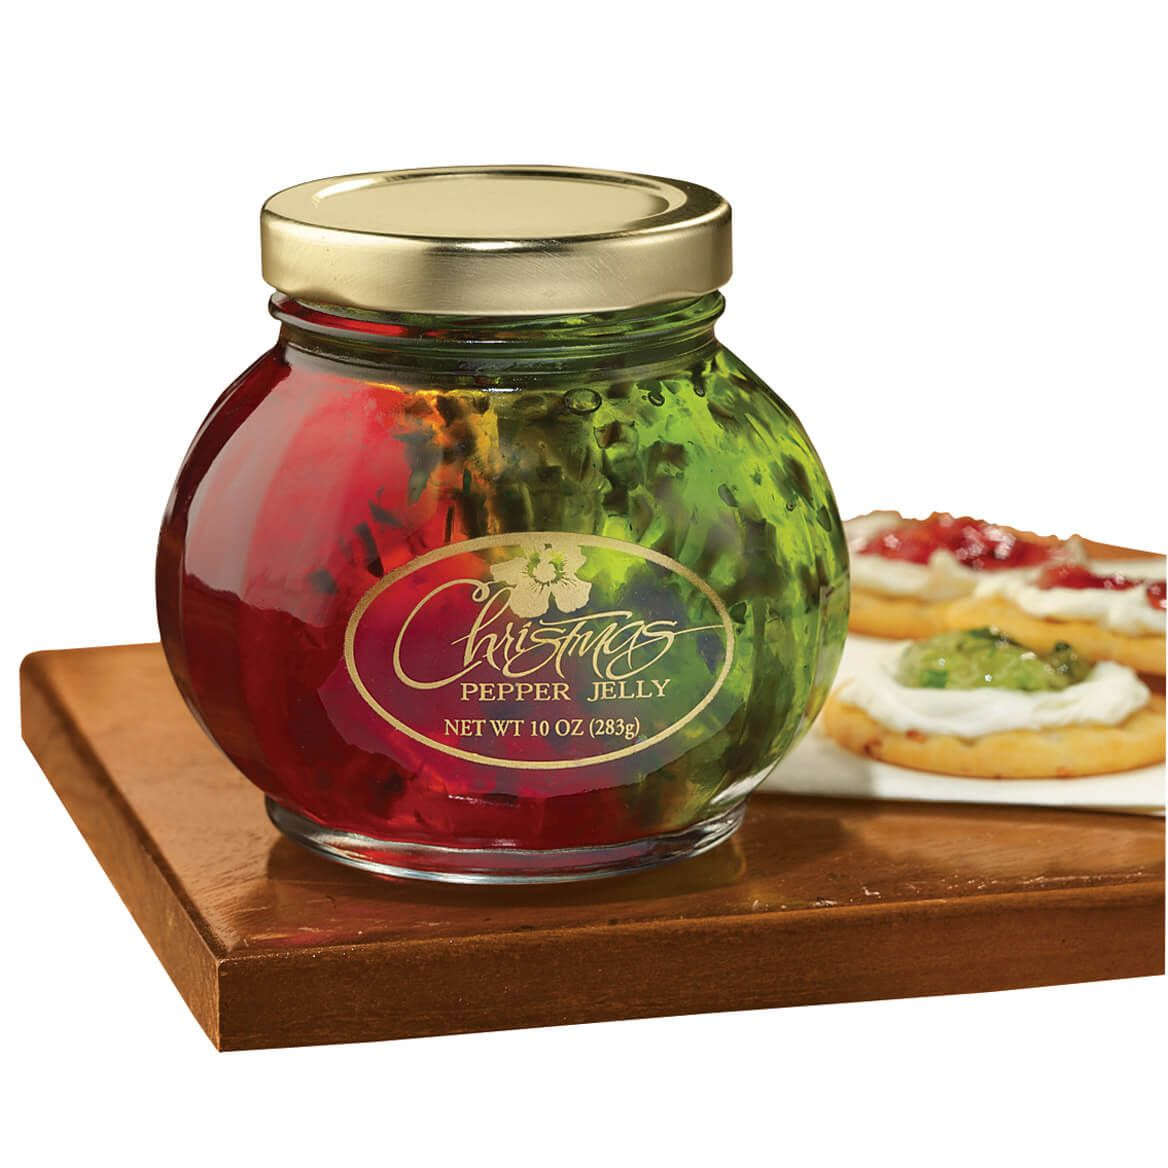 Christmas Pepper Jelly Jar 10 oz-327296
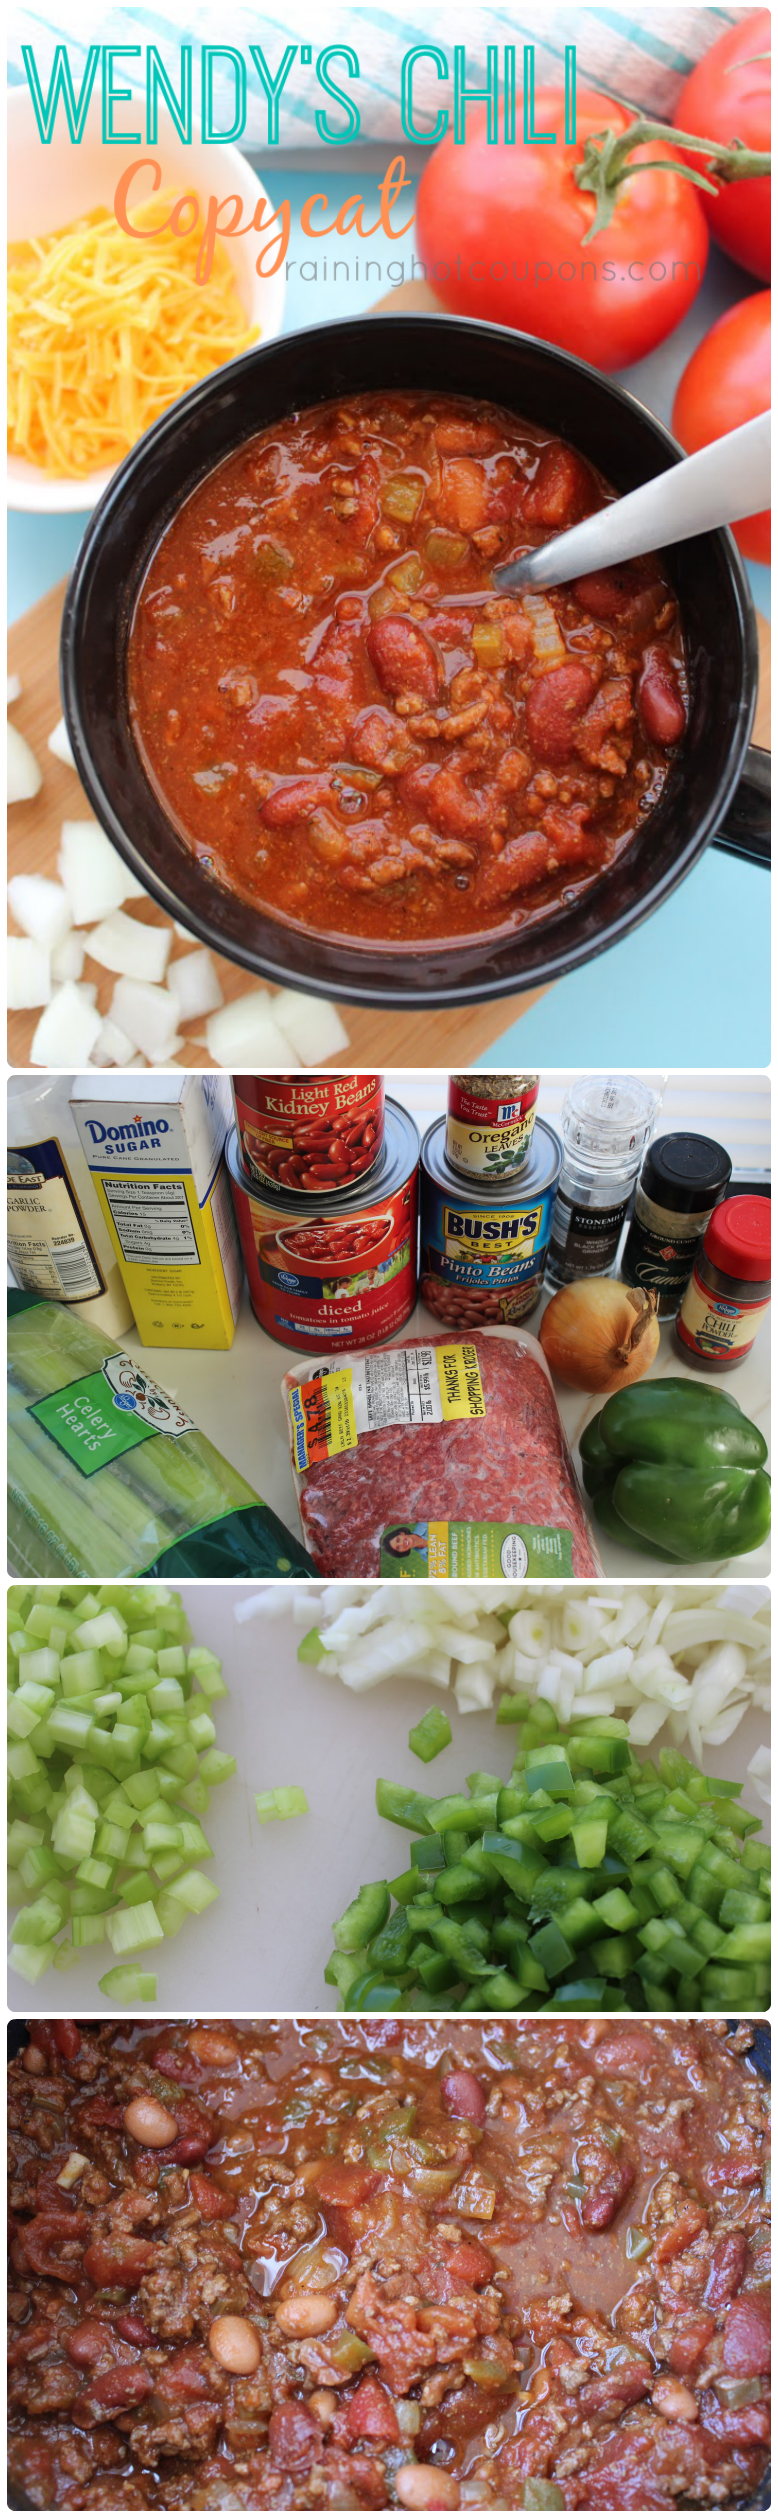 wendy's chili collage, copycat wendy's chili recipe, make Wendy's chili at home
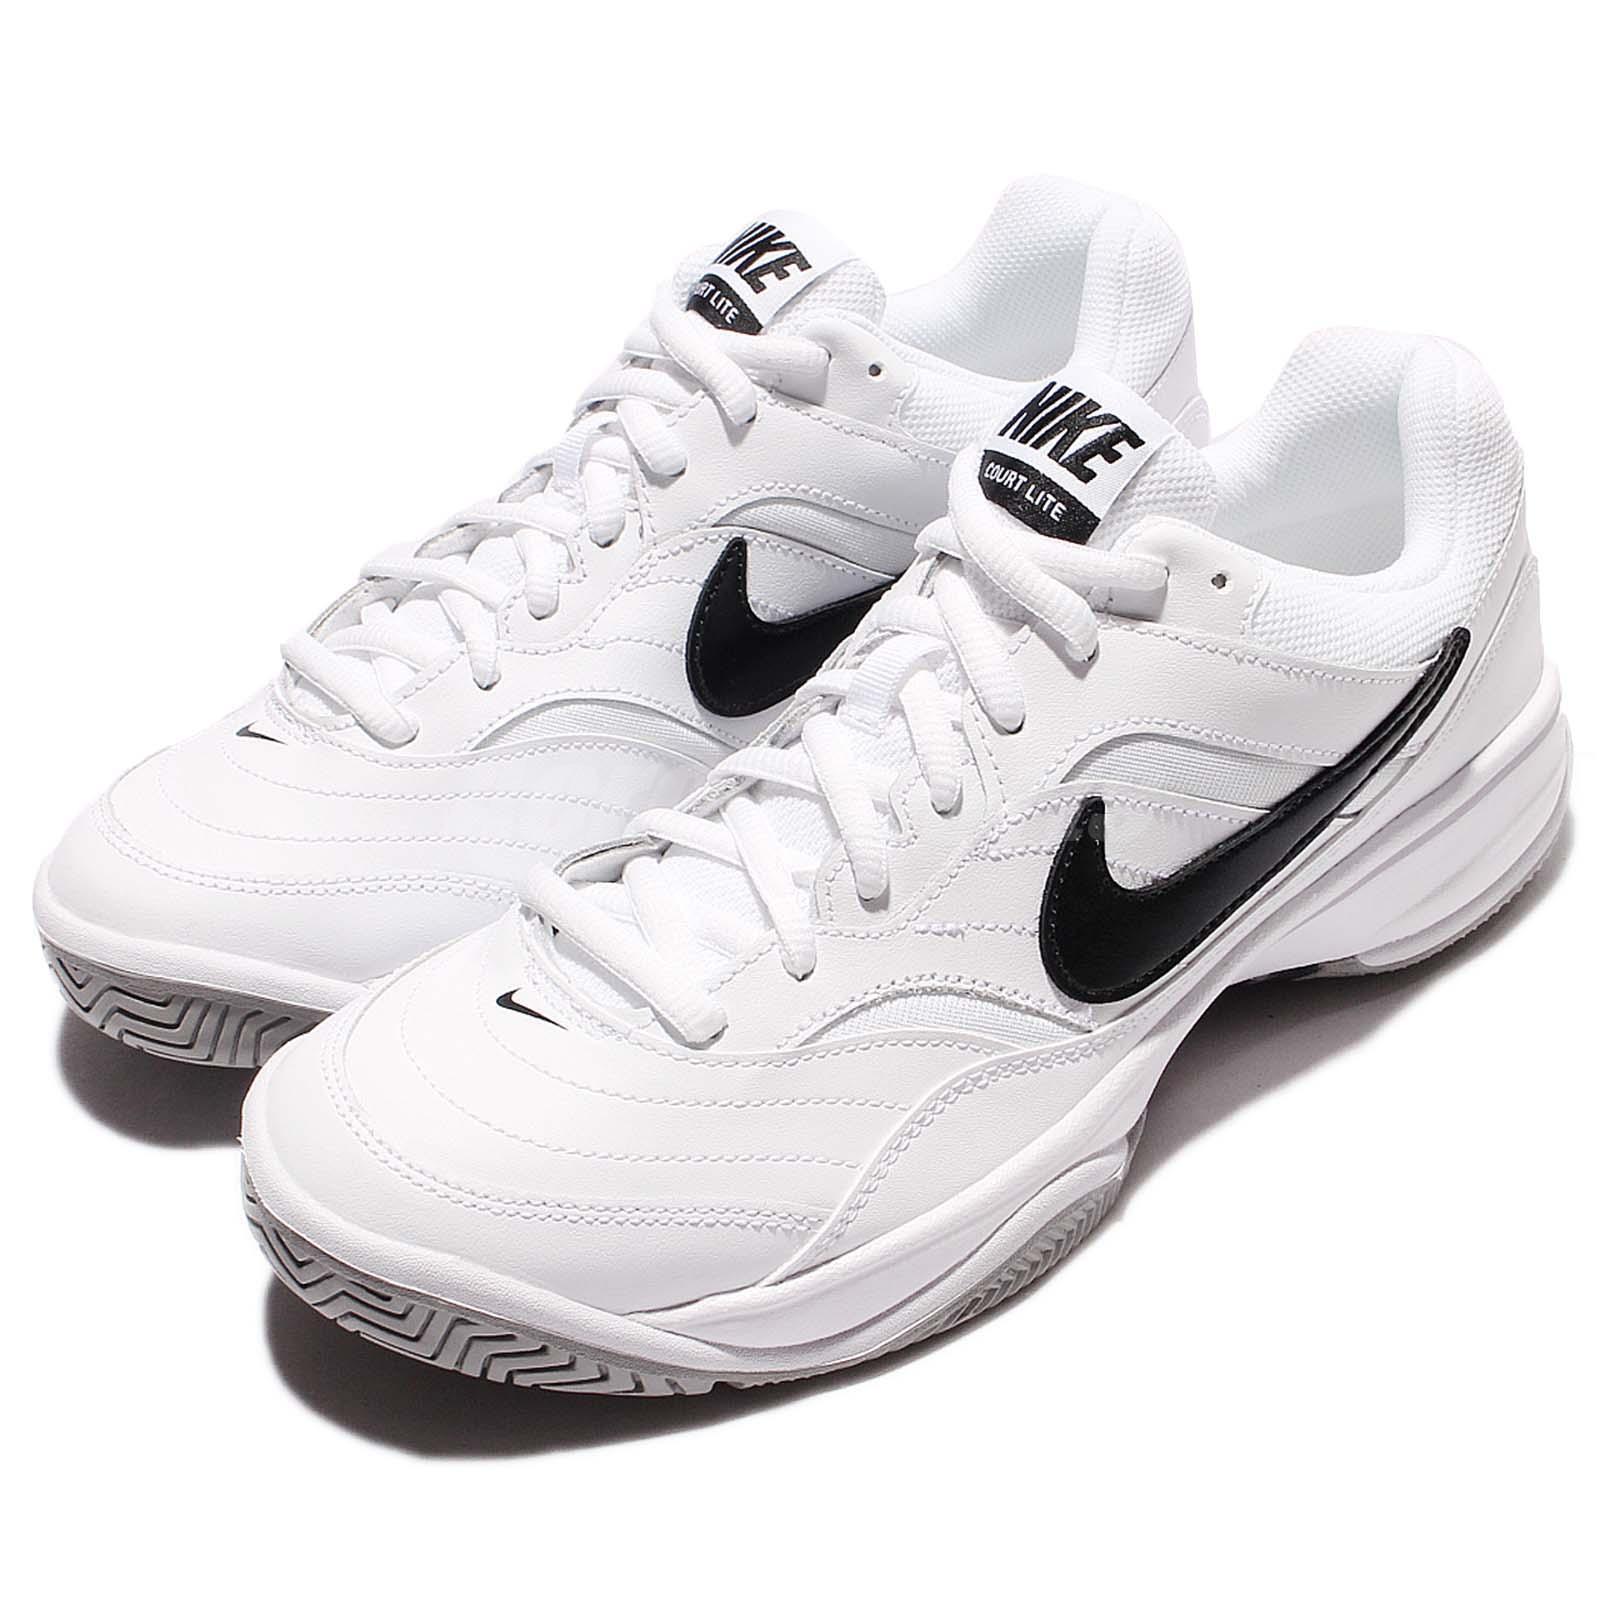 Nike Court Lite chaussures blanc noir homme Tennis chaussures Lite Baskets Trainers 845021-100 6a15ac

**EXERCISE AIM:**
Would you restate, word for word, the lines from the one holding "wendy's chili collage, copycat" through the end of the material above? Omit the pictures.

**ANSWER TO THIS PROBLEM:**
 wendy's chili collage, copycat wendy's chili recipe, make Wendy's chili at home
 Nike Court Lite chaussures blanc noir homme Tennis chaussures Lite Baskets Trainers 845021-100 6a15ac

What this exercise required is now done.